= Xerophagy =

Form of Christian fasting

Xerophagy ("dry eating", from Greek ξηρός "dry" and φαγεῖν "eat") is
a form of ancient Christian fasting in which a believer fasts from food and water until sunset, as well as abstains from meat, alcohol and succulent fruits for the one meal that is consumed after sunset; the early Church's Apostolic Constitutions enjoin for the meal eaten after sundown: bread, salt, water, nuts, as well as vegetables cooked with water and salt. The early Christian apologist Tertullian references this manner of fasting in his works.

The injunction of xerophagy was set forth in the Apostolic Constitutions for the season of Lent, and on the last two days of Holy Week (Good Friday and Holy Saturday), "nothing whatsoever is to be eaten."

The Montanist Christians practiced xerophagy twice a year for fourteen days.

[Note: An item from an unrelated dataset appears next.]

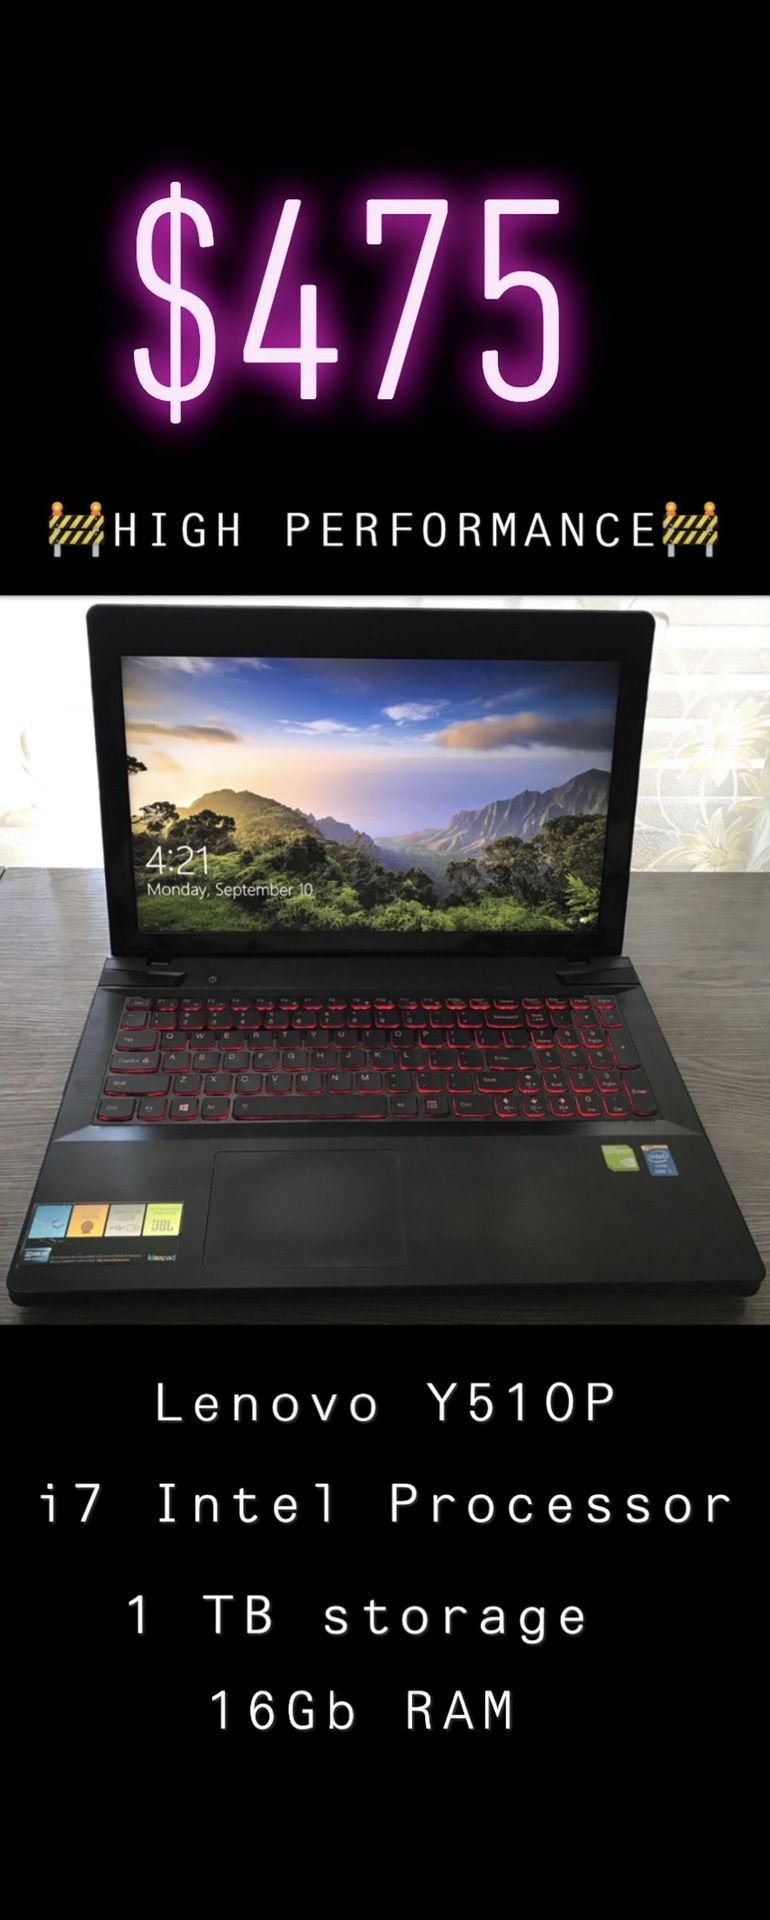 High Performance Lenovo Ideapad Y510p laptop

It is observed in Eastern Christianity during Great Lent and certain other fasts. "Dry" primarily refers to food cooked without oil.
In the Greek tradition, "oil" generally refers to olive oil, but in Slavic tradition, this also extends to butter and to other types of vegetable oil. Eastern Orthodox and Oriental Orthodox denominations encourage xerophagy during Holy Week and on Good Friday, the one meal may include "bread, with a little water, tea or fruit-juice, but not until sunset".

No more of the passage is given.